На Дворцовой площади стояло несколько машин с красными крестами. Одни подъезжали, другие отъезжали. Входить внутрь было боязно – кто она такая, чтобы появляться в императорском дворце? – но, глубоко вздохнув, Тася собралась с силами и толкнула двери. На мгновение перехватило дыхание от окружающей роскоши. Ни разу в жизни она еще не видела такого великолепия: мрамор, позолота, лепнина, бархатные портьеры, широкие белокаменные лестницы.
Но вот пол был грязным от множества ходивших по нему ног, туда-сюда сновали самые простые люди, а не прекрасные дамы и кавалеры. Тася завертела головой, пытаясь высмотреть, к кому обратиться. Ей на глаза попалась усталая женщина средних лет в сером платье с белым передником и нарукавниками. Темные волосы убраны под белую косынку с красным крестом посередине.

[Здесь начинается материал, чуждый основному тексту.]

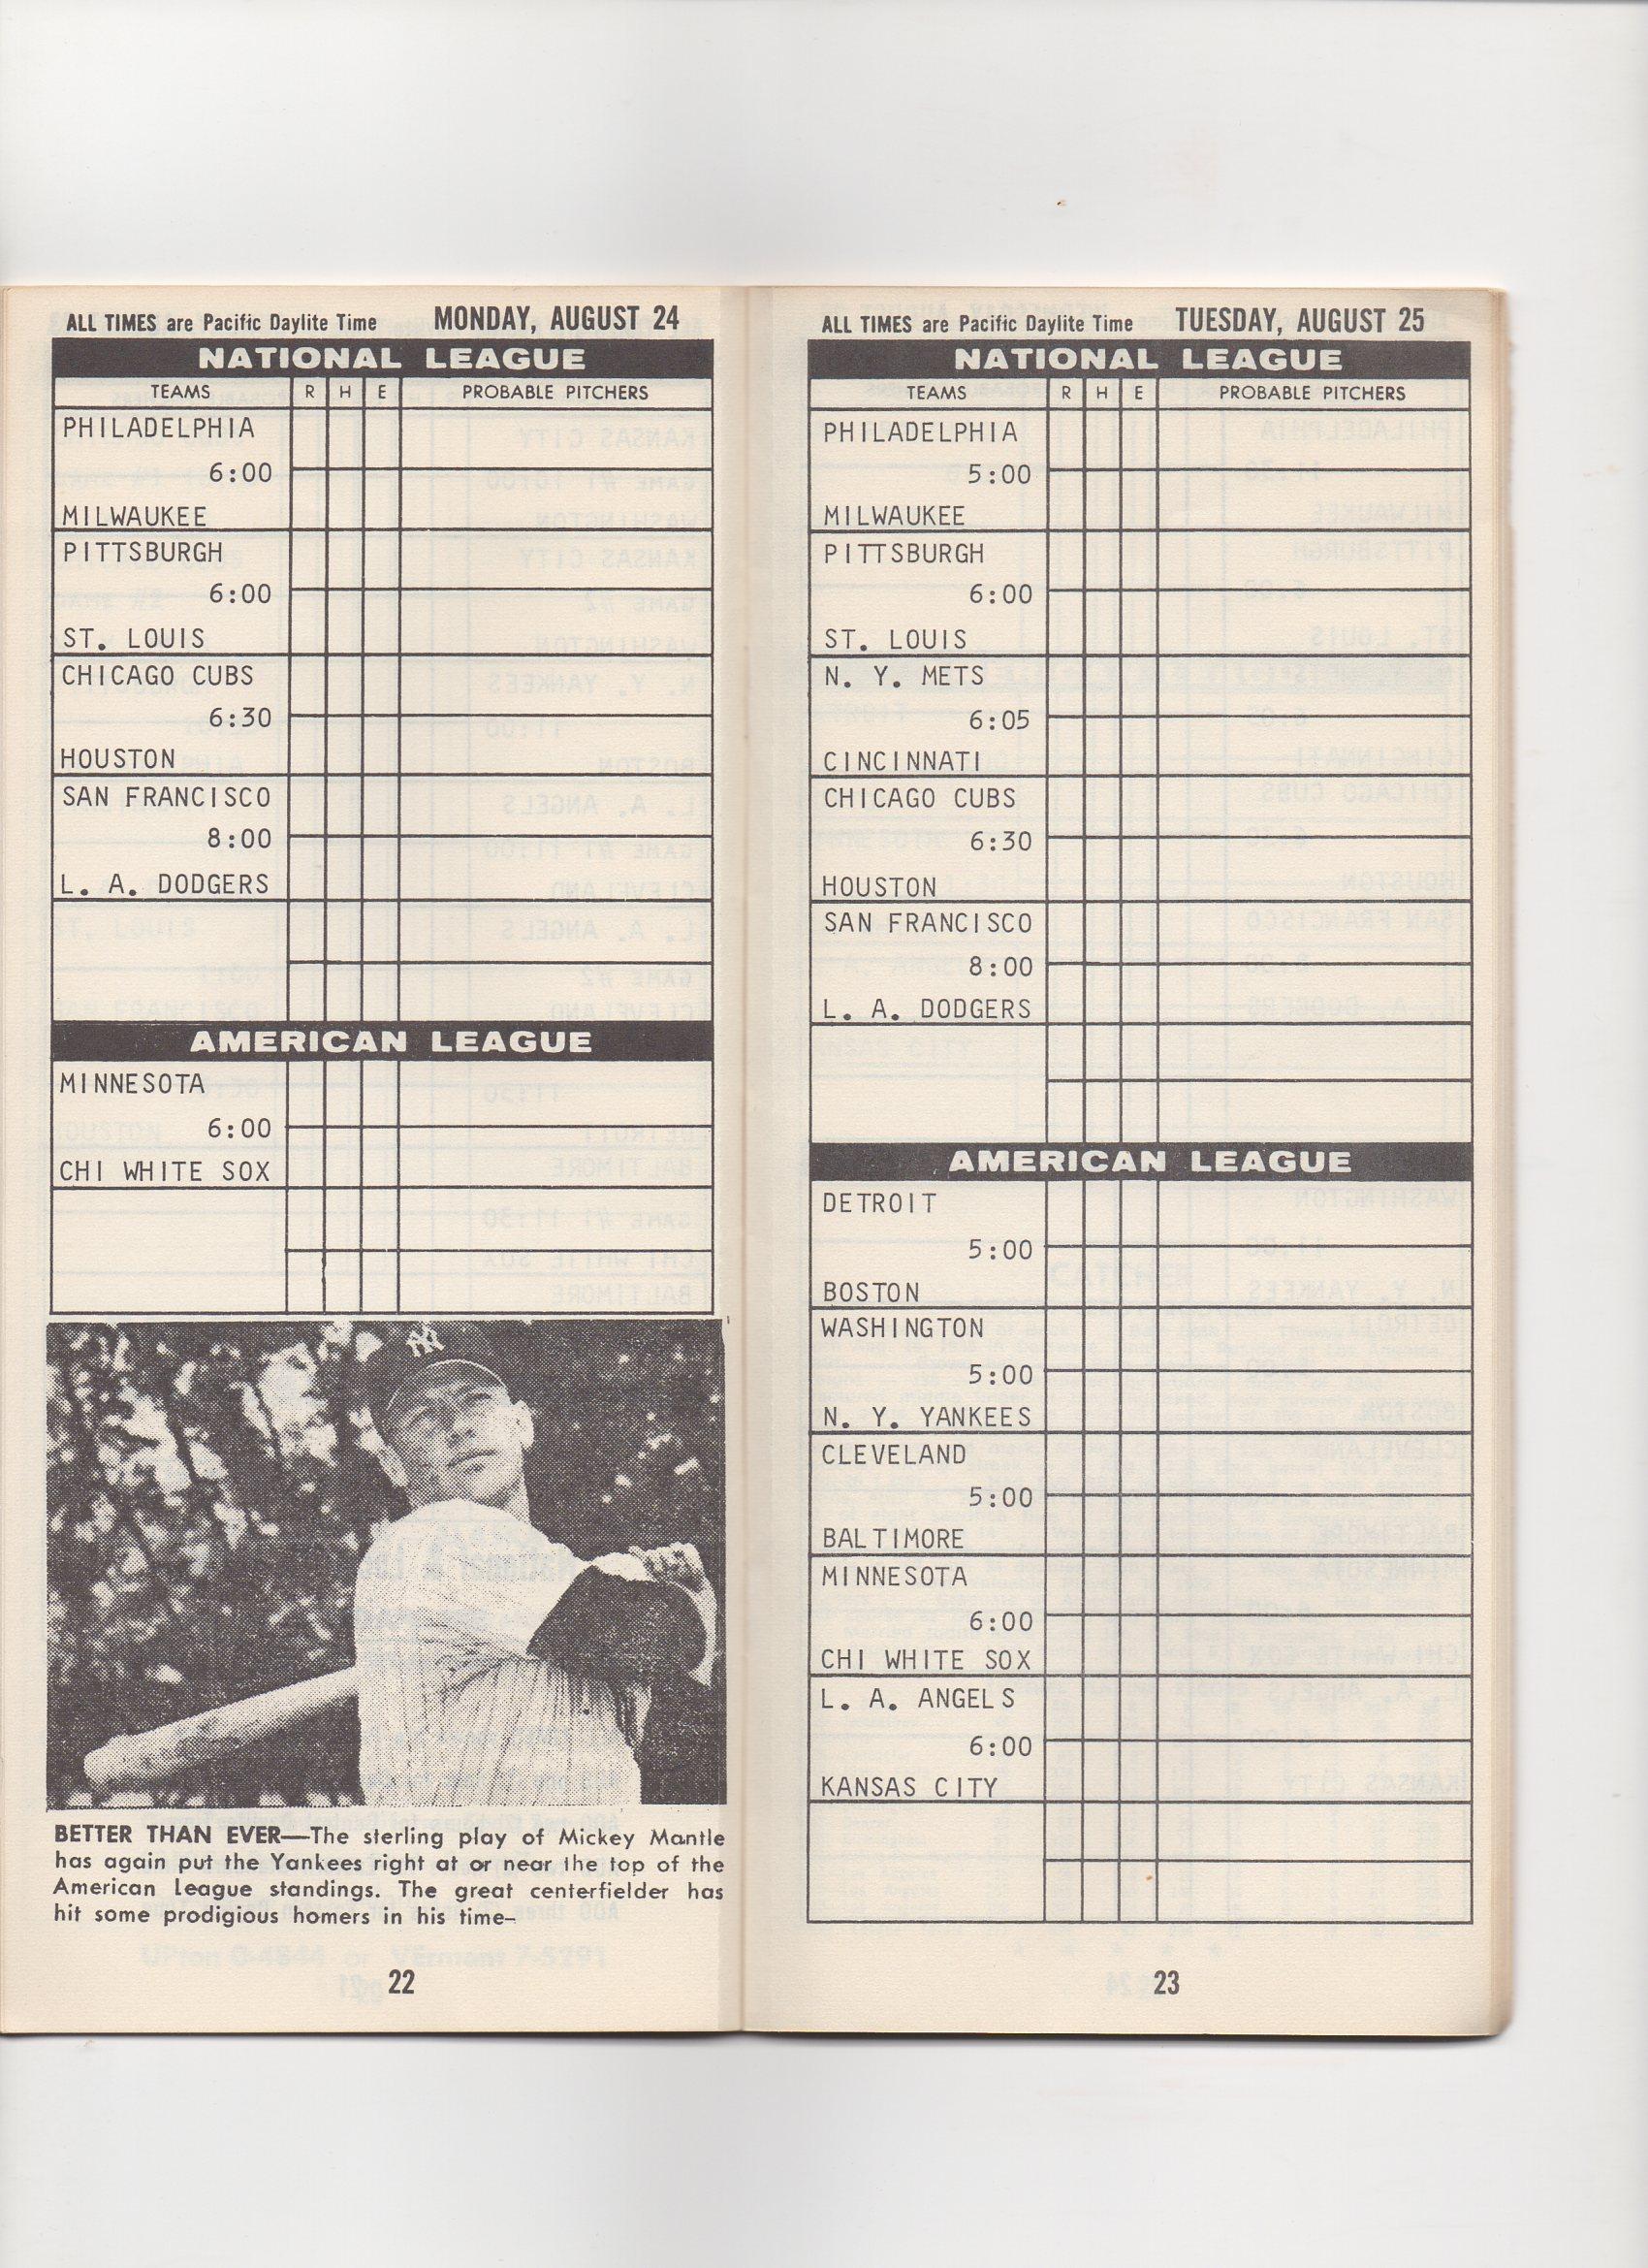 1964 baseball scoreboard booklet, 08/10-09/06

– Прошу прощения, мадам, – остановила ее Тася, – я хотела бы помогать ухаживать за ранеными.
Женщина окинула ее внимательным взглядом.
– Сколько вам лет?
– Восемнадцать.
– Уверены, что справитесь? Это нелегкая работа.
– Я… – Тася хотела ответить, что конечно, но здравый смысл заставил ее остановиться, немного остудив энтузиазм, и она изменила фразу: – Я постараюсь.
Женщина вдруг улыбнулась и одобрительно кивнула:
– Пойдемте.
Она повела Тасю вглубь дворца, по дороге спросив ее имя.
– Тася, – ответила она по привычке, но тут же поправилась: – Наталья Кирилловна.
Женщина снова кивнула:
– Что ж, Наталья Кирилловна, я Антонина Михайловна, помощница нашего главного врача. В институте учились?
– Да, в Павловском, – Тася удивилась, как она догадалась – вид у нее, что ли, бывшей институтки?